New Database Expands Number of Estimated Human Protein-Coding Genes

Some scientists are not yet convinced that the list is accurate.

Jun 19, 2018
Diana Kwon


The human genome may contain more protein-coding genes than prior analyses suggested. A study published last month (May 29) on BioRxiv provides an expanded database of approximately 5,000 novel genes—of those, around 1,000 code for proteins, expanding the estimated number of protein-coding genes from around 20,000 to 21,000.

“If people like our gene list, then maybe a couple years from now we’ll be the arbiter of human genes,” study coauthor Steven Salzberg, a computational biologist at Johns Hopkins University, tells Nature.

Salzberg and his colleagues compiled a catalog of human genes and transcripts using data from the Genotype-Tissue Expression (GTEx) project, in which scientists sequenced the RNA from various tissues in hundreds of human subjects. By comparing the sequenced RNA to the human genome, the researchers were able to compile a database of 43,162 genes—21,306 of which coded for proteins, and 21,856 were noncoding genes.

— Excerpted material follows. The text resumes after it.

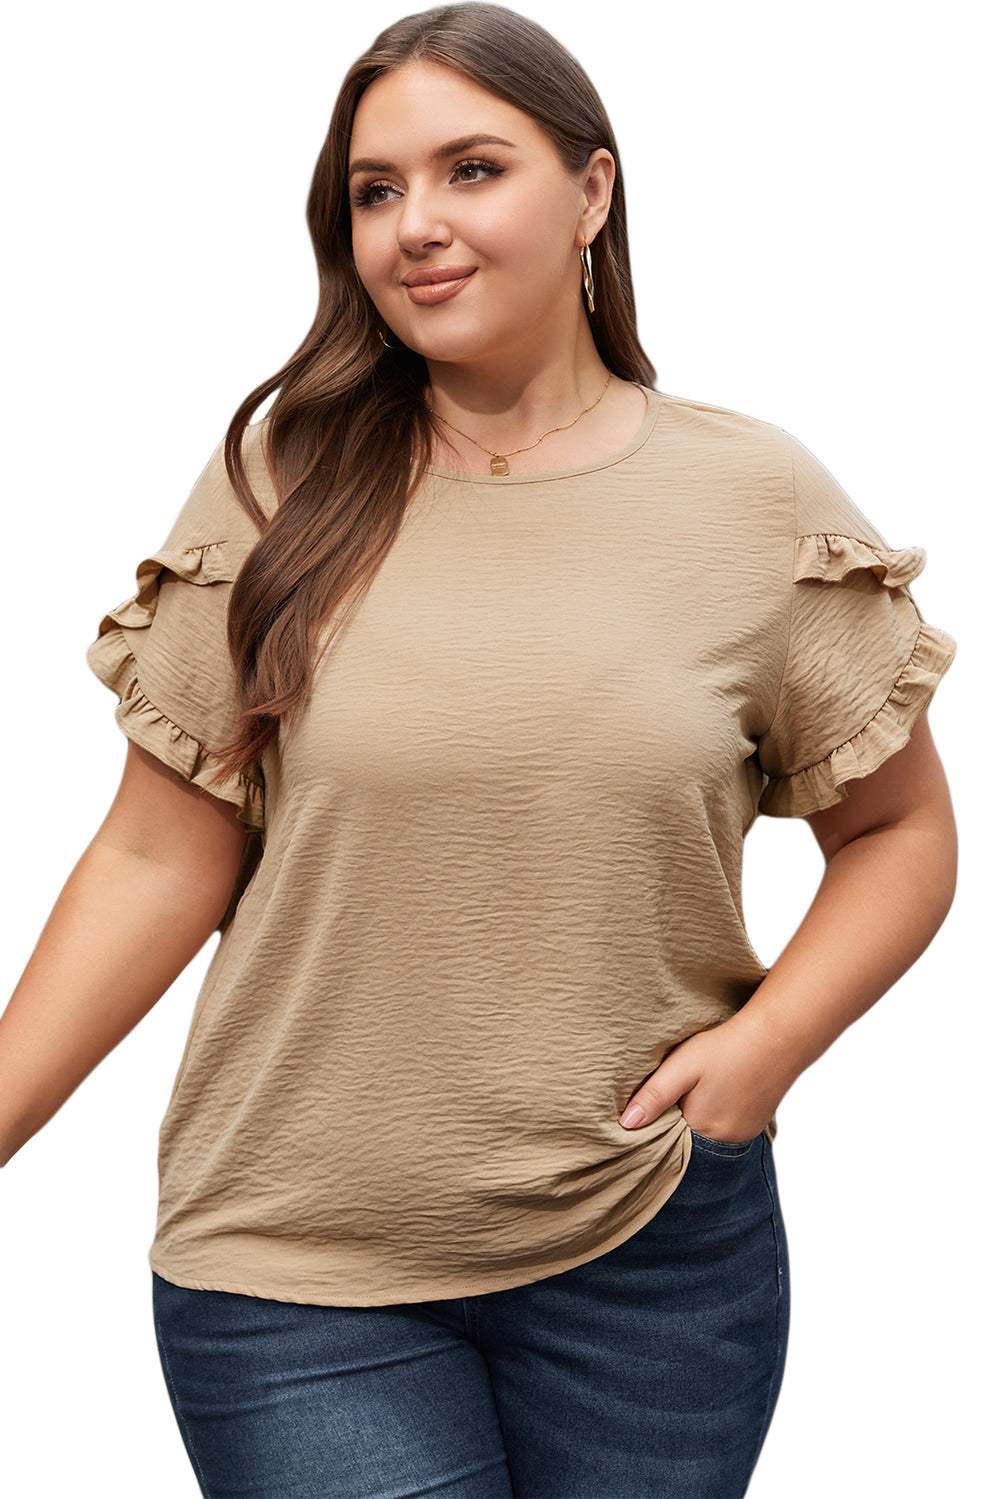 Light French Beige Ruffled Short Sleeve Plus Size Top - Stylish & Comfortable for Everyday Wear
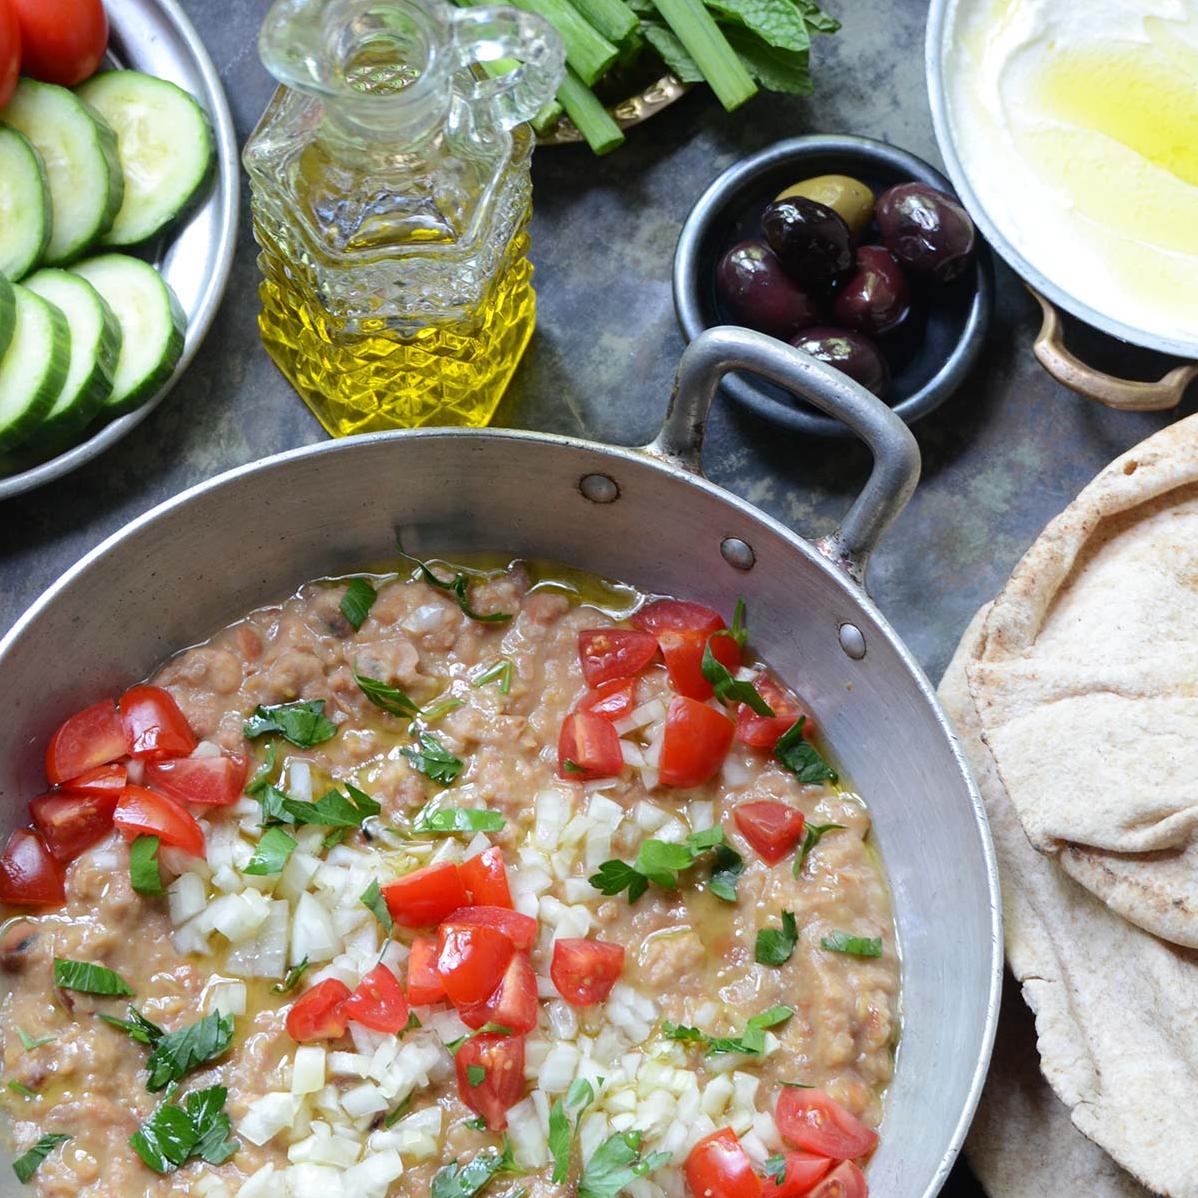  Don't let the simple ingredients fool you - this dip packs a flavorful punch.

According to Nature, this dataset includes many more genes than currently existing datasets. For example, the GENCODE gene set, a widely used human gene database run by the European Bioinformatic Institute (EBI) in the U.K., includes 19,901 protein-coding genes and 15,779 noncoding ones.

Some scientists say more evidence is required to verify that that the new gene list is accurate. For example, Adam Frankish, a computational biologist at the EBI involved in the GENCODE project who was not involved in the study, tells Nature that after carefully analyzing about 100 of the newly identified protein-coding genes, he and his colleagues found that only one of those seems to truly code for protein.

Salzberg tells Nature that having an accurate gene count is important, because uncounted genes are frequently ignored—meaning those containing disease-causing mutations may be overlooked. On the other hand, Frankish tells Nature that hastily adding genes could also be problematic, because they may divert scientists’ attention away from the genes that are actually involved in a disease.